> _Assigned task_:
From the material below, reproduce exactly the stretch of lines that begins with the line holding "The Importance of Jewelry SEO" and ends with the line holding "15Fixed IP Address:If", skipping the pictures.

> _Provided records_:
+ + + + +
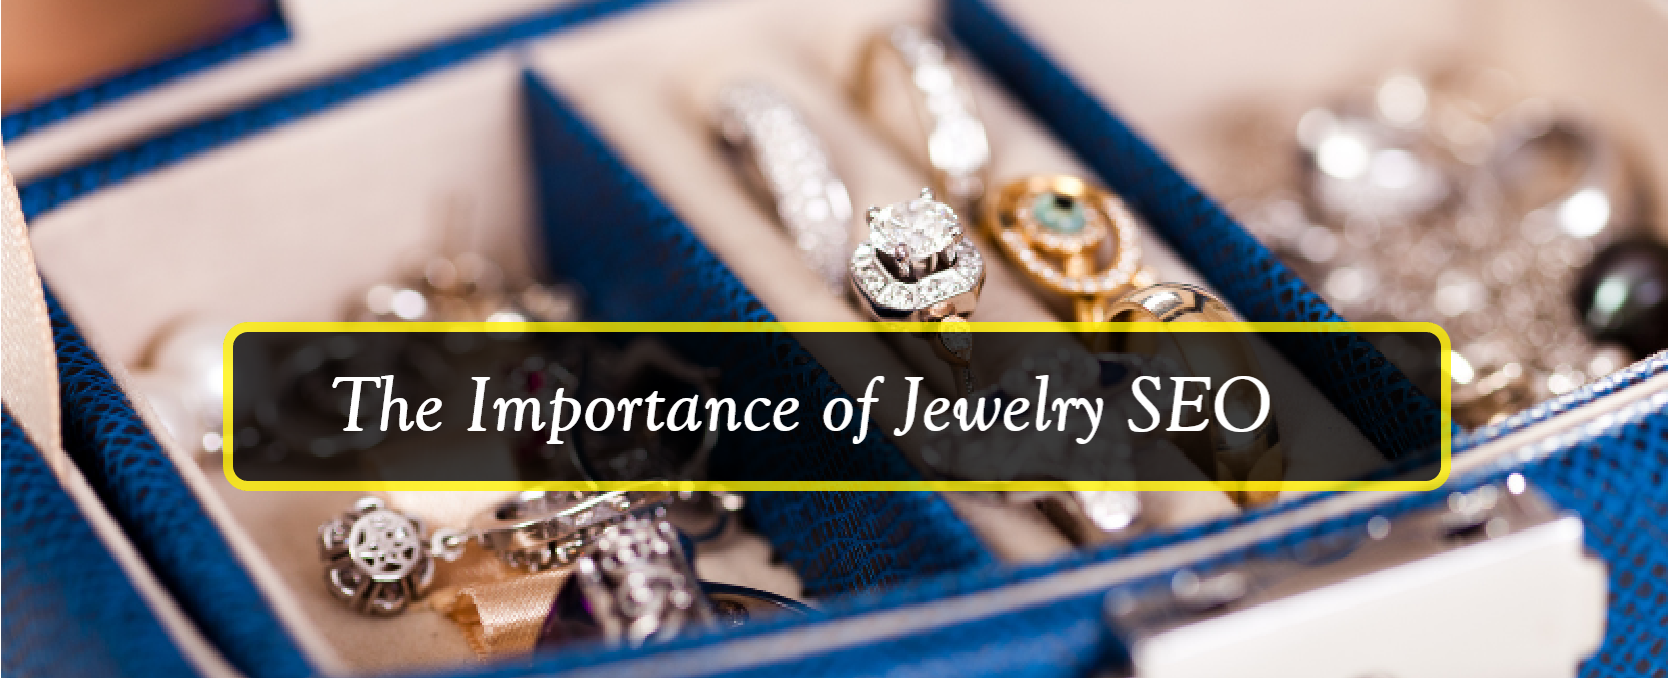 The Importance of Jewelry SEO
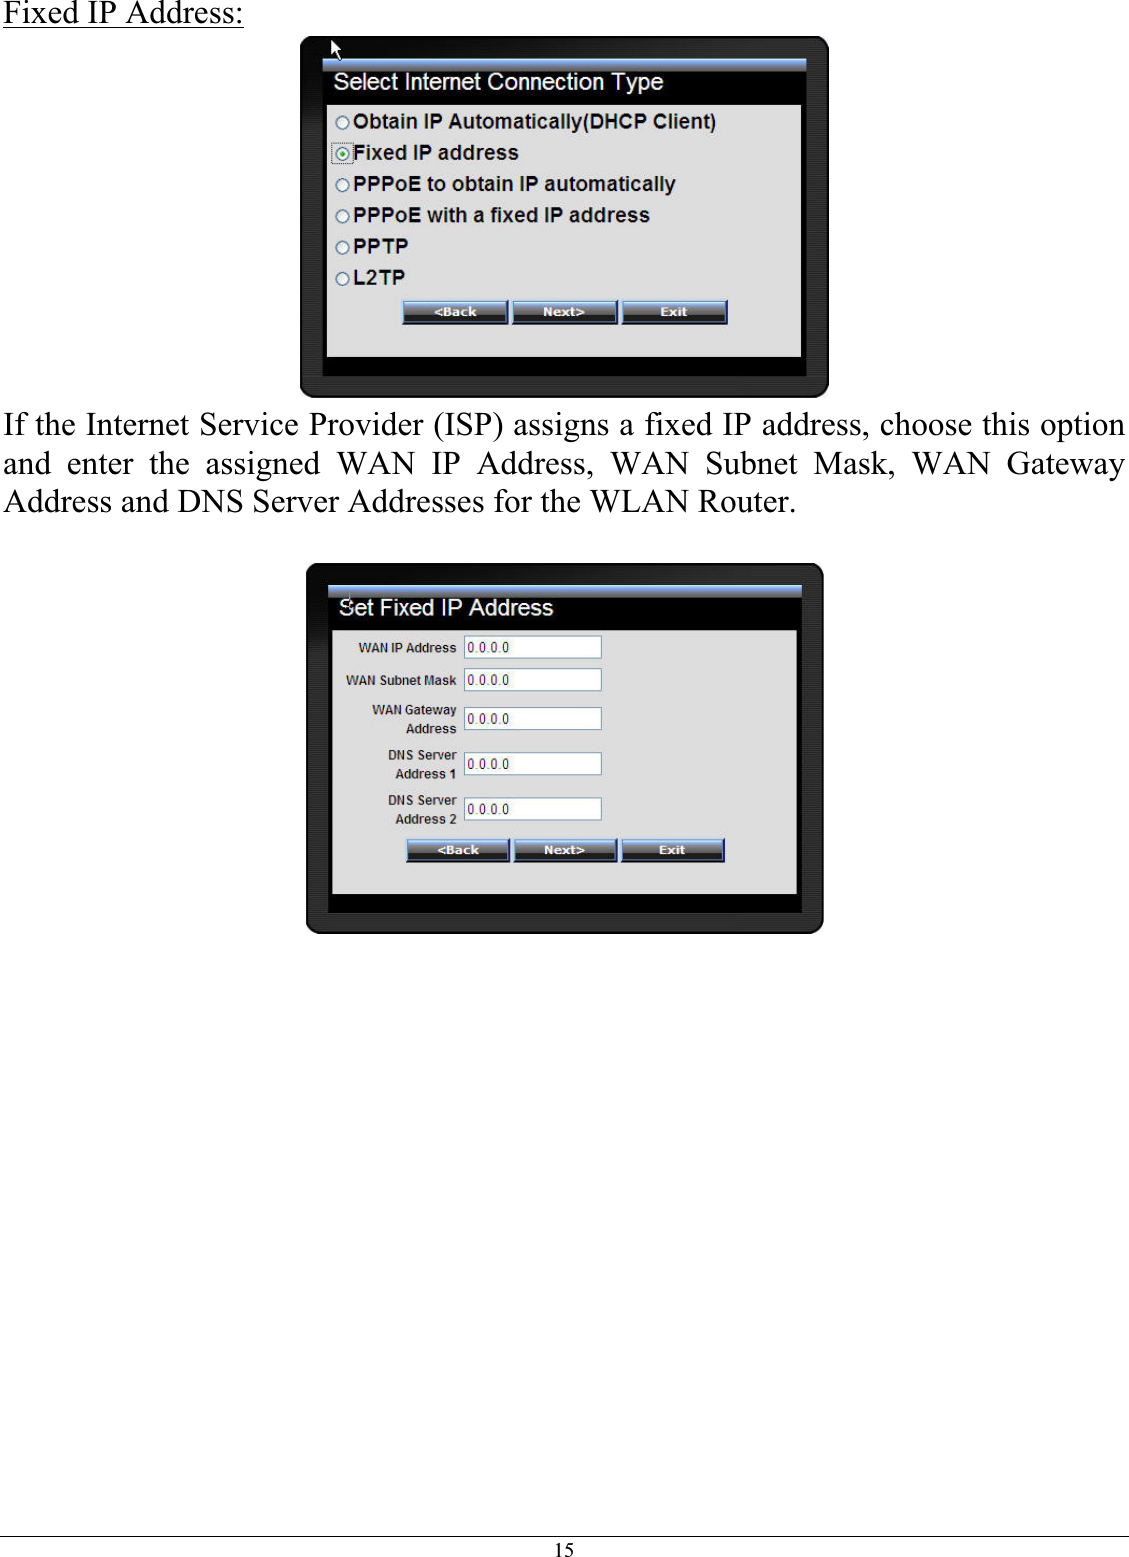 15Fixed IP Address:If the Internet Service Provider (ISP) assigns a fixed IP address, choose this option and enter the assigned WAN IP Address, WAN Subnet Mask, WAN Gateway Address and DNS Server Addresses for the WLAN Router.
+ + + + +
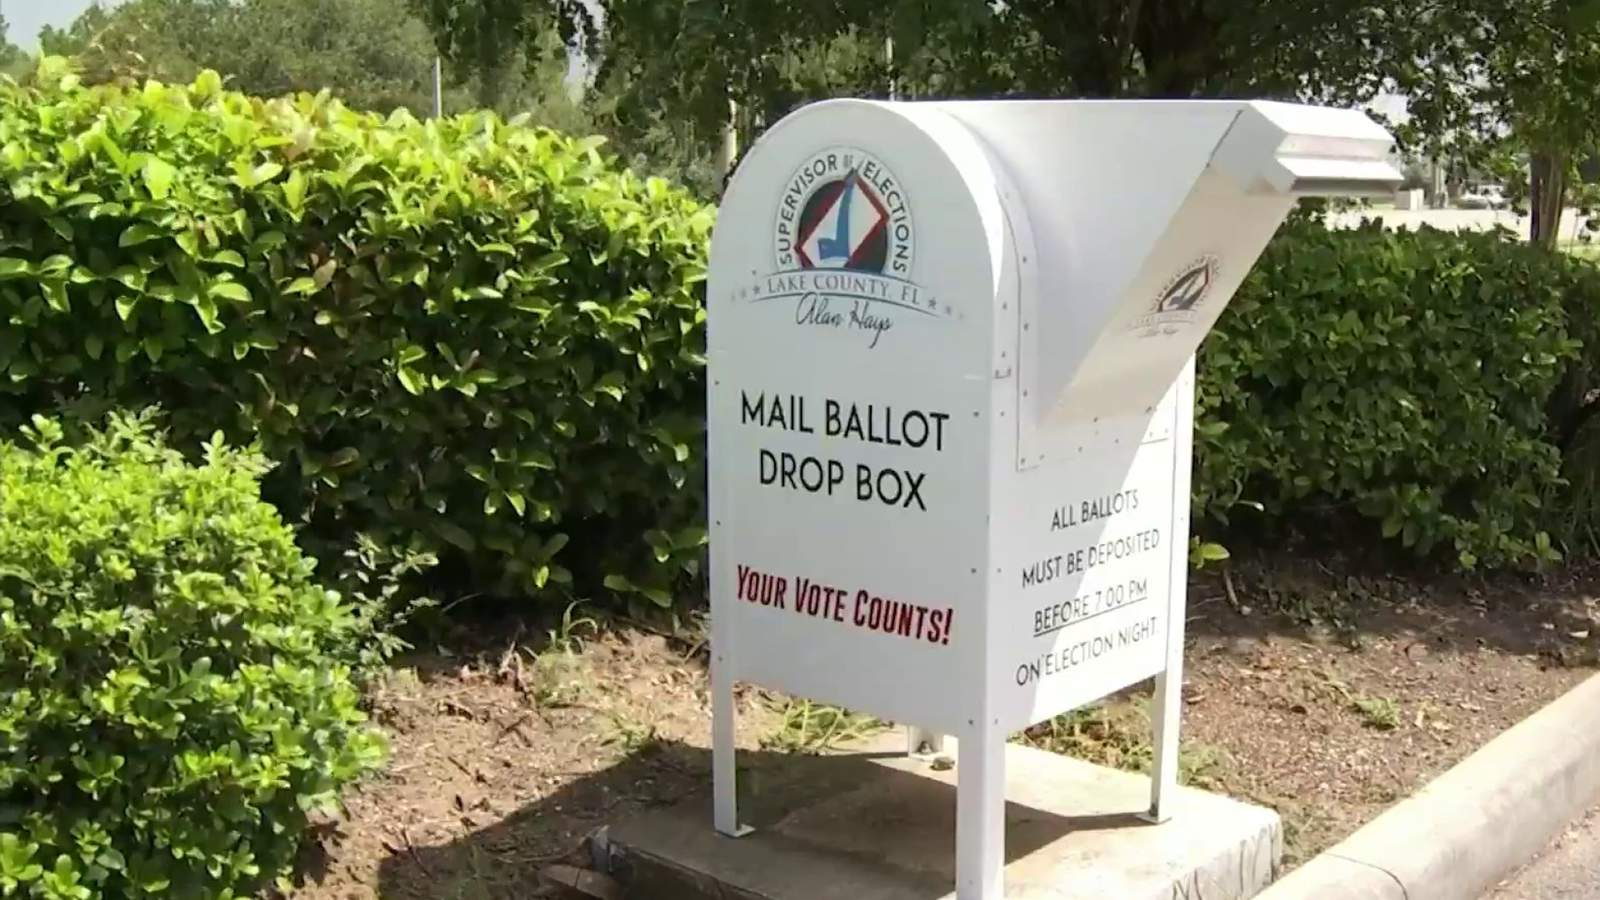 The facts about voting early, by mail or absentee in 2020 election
+ + + + +
> _Output of the exercise_:
 The Importance of Jewelry SEO
 15Fixed IP Address:If the Internet Service Provider (ISP) assigns a fixed IP address, choose this option and enter the assigned WAN IP Address, WAN Subnet Mask, WAN Gateway Address and DNS Server Addresses for the WLAN Router.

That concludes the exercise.